The six NiMHs would provide 7.2VDC. Would this be enough or should I upgrade to 8 cells and use 9.6VDC instead? Either is acceptable, but the fewer required cells the better. The regulators I have available are rated at 1 amp, but there is a custom aluminum heat sink that is designed to be used for this circuit. Active cooling is not to be used due to excess current draw from the NiMHs and decreased running time.

Also, one last question. Does the regulator waste much energy?

Just a thought.. this is battery powered with LED loads that are quite heavy. Linear regulators will burn a significant fraction of your available power. Did you consider a more power efficient design? Small buck/boost converter circuits can provide better than 80% efficiency and take up just about the same amount of space as your linear IC.

 

[Particle]

I've been looking, and I found a buck/boost 5v DC/DC converter for about $2.50. My only problem is that I'd need many of them to achieve the power output needed.

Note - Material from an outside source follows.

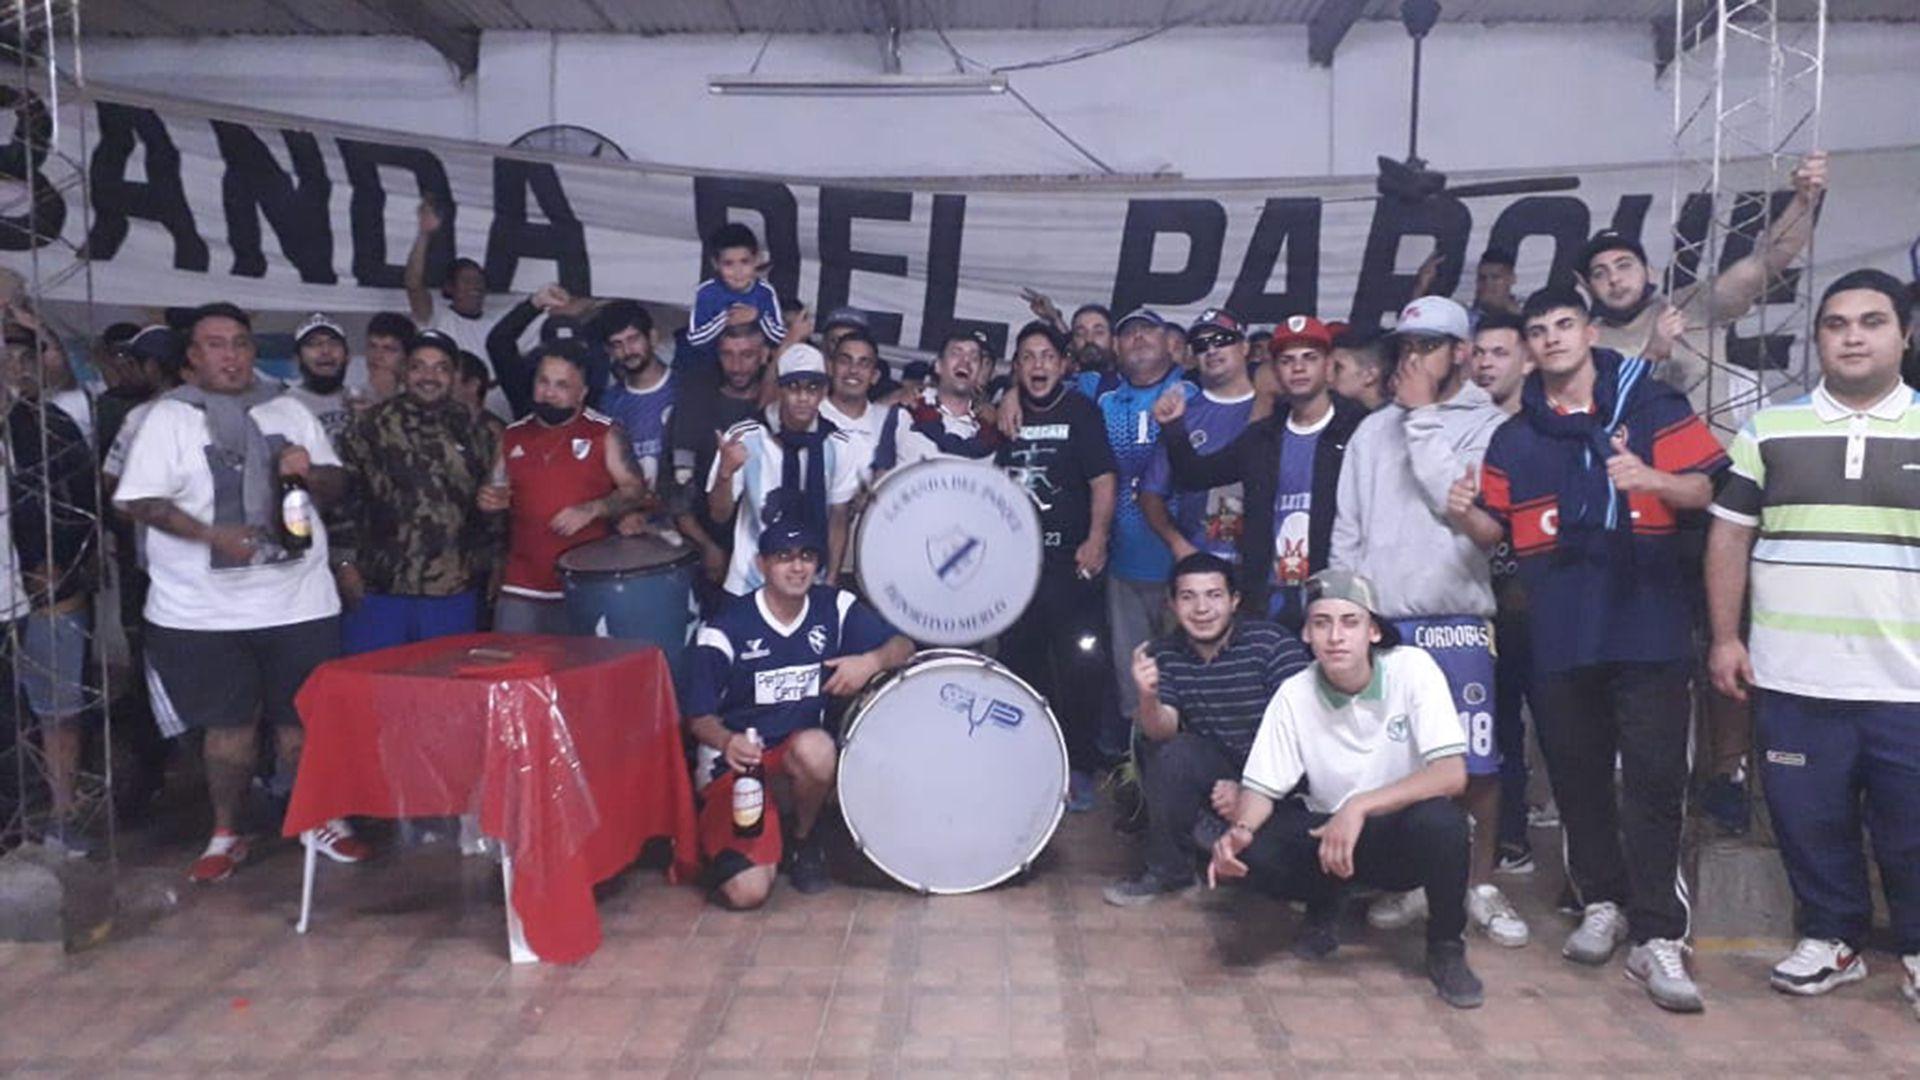 Barra Deportivo Merlo

Are there larger packages available?

 

[Oznog]

There are some specifically meant to drive LEDs. Check Digikey.

Buck/boost converters can be done effectively with discrete components. You need a MOSFET, inductor, a Schottkey diode, current sensing resistor, and something to create a square wave adjusted to get a desired current (that's the tough part).

LEDs in parallel still need a resistor on each branch or they may not share current evenly and get toasted. The high boost ratio of putting everything in series requires a pretty big inductor. That's what's so great about Luxeons- one or two emitters in series, no current sharing resistors needed, and you've got something similar to the voltage of batteries commonly used to power it so the buck/boost ratio is modest.